- DATA SHOWN -
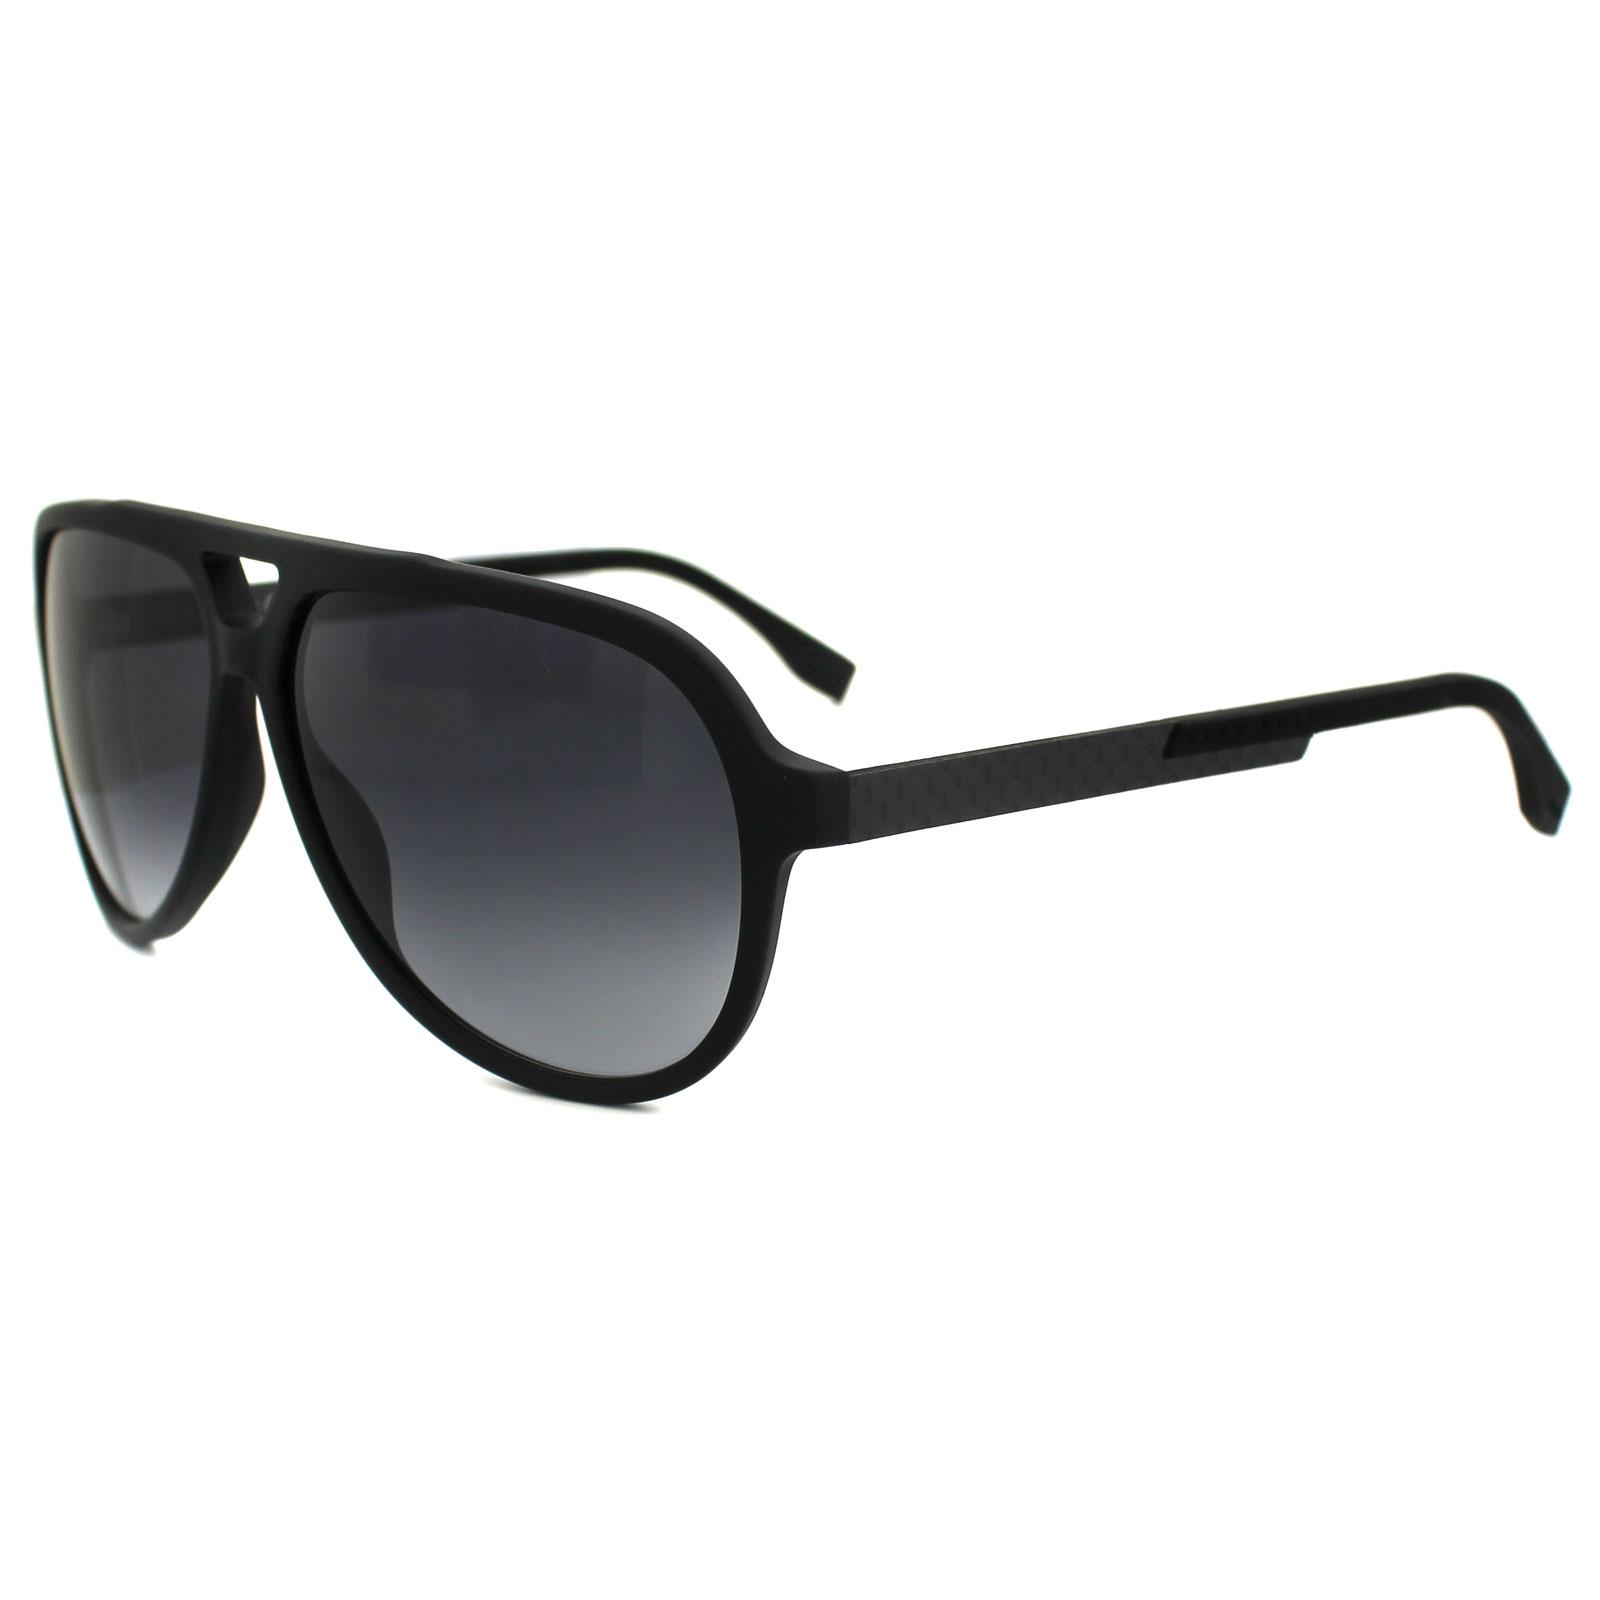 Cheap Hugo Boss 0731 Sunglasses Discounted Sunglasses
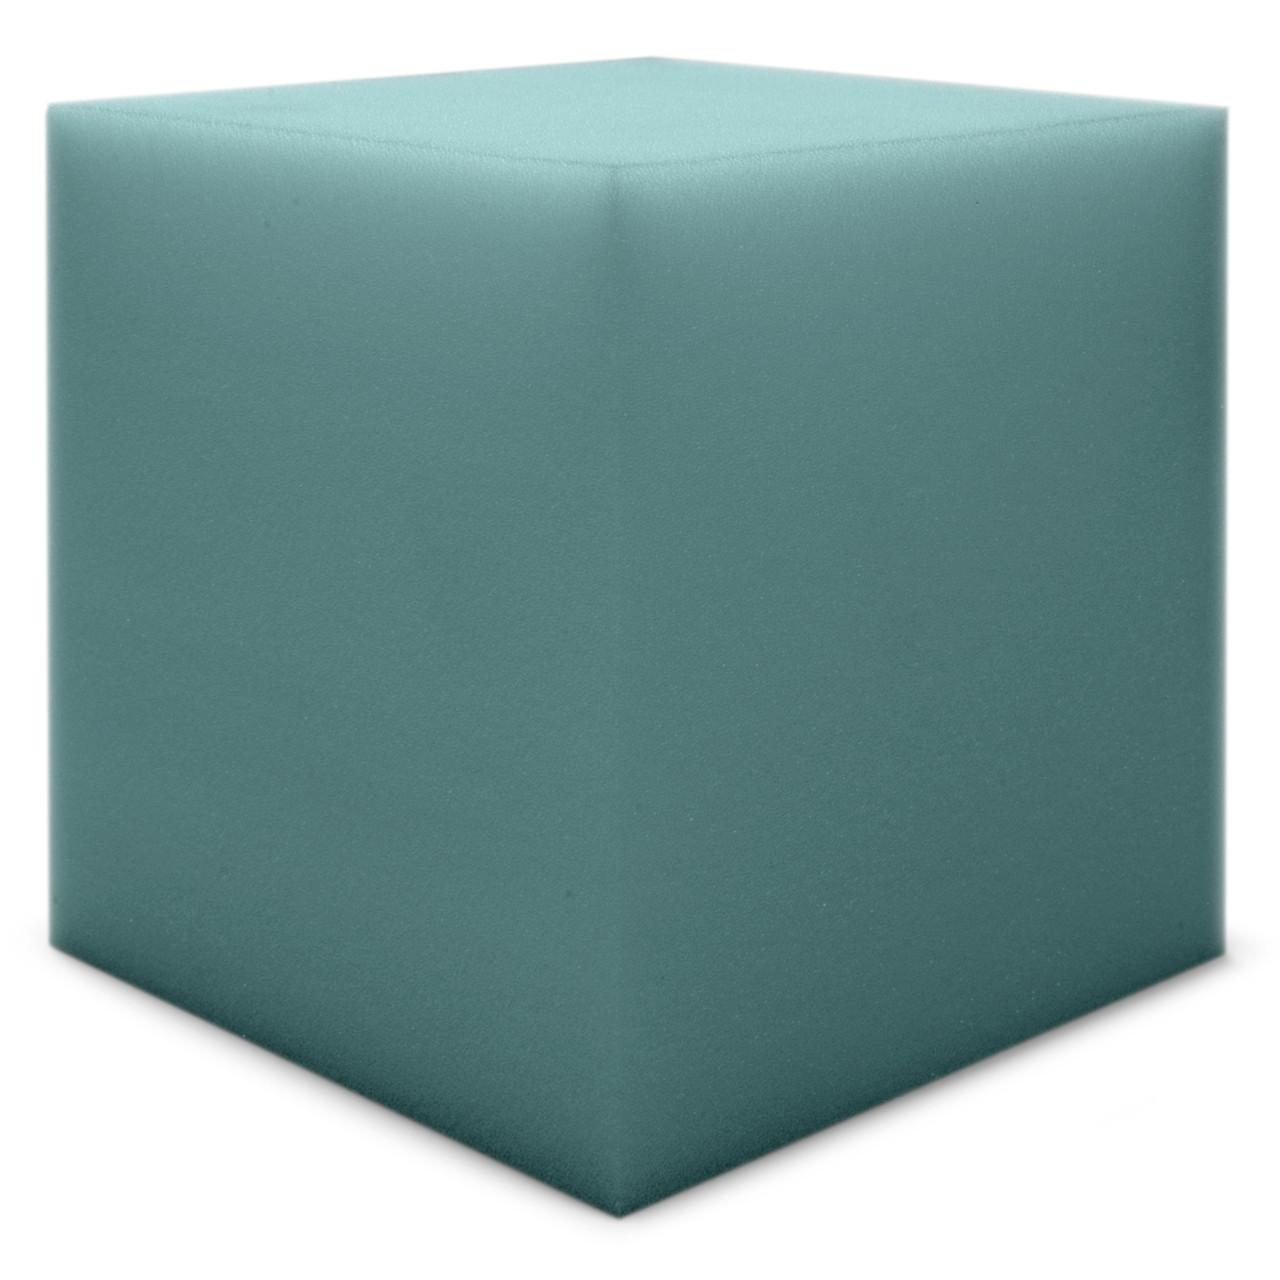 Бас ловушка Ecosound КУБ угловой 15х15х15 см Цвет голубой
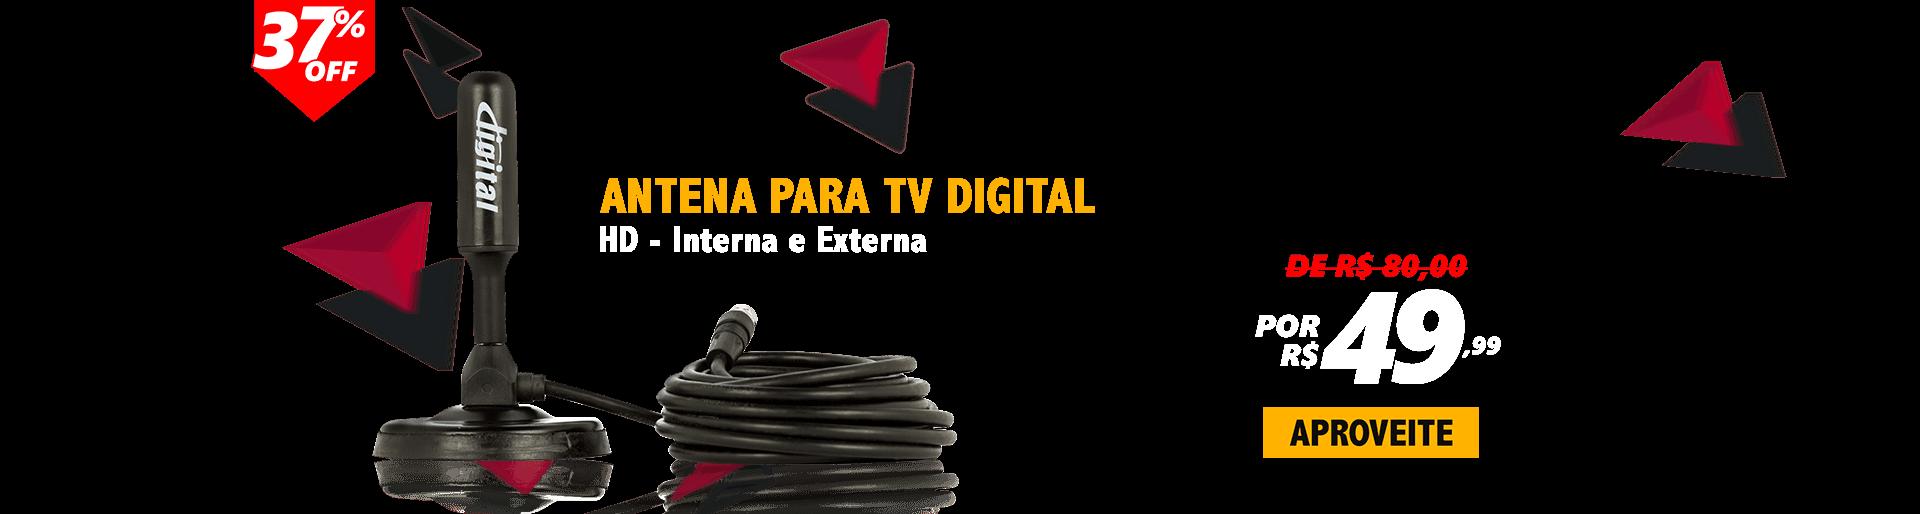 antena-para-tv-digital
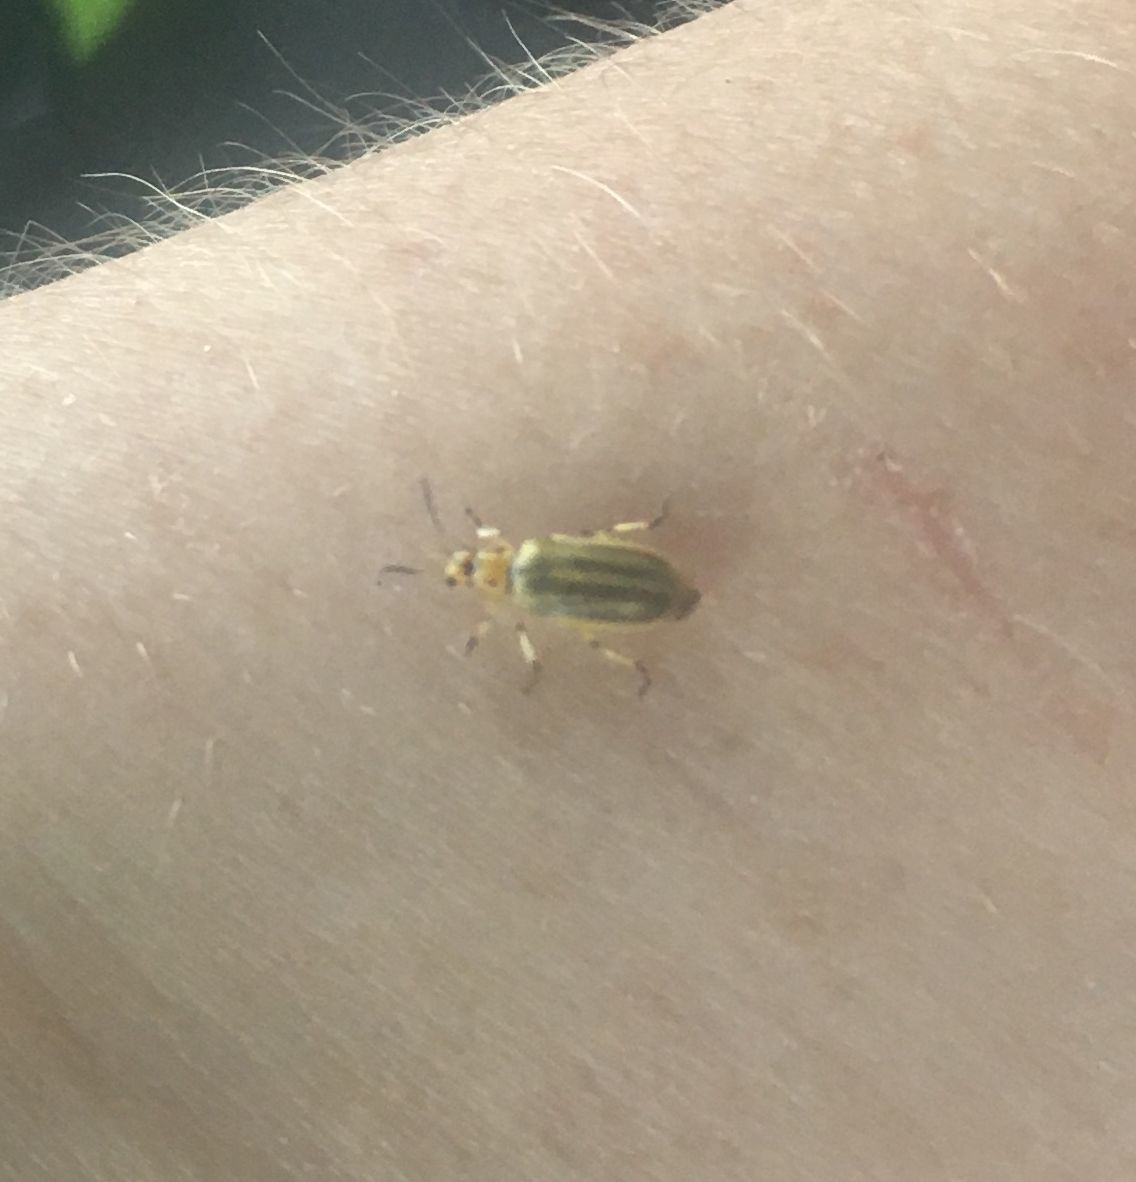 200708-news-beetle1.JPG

- WHAT THE EXERCISE ASKS -
Repeat the lines above exactly, and keep every picture out.

- TASK OUTPUT -
 Cheap Hugo Boss 0731 Sunglasses Discounted Sunglasses
 Бас ловушка Ecosound КУБ угловой 15х15х15 см Цвет голубой
 antena-para-tv-digital
 200708-news-beetle1.JPG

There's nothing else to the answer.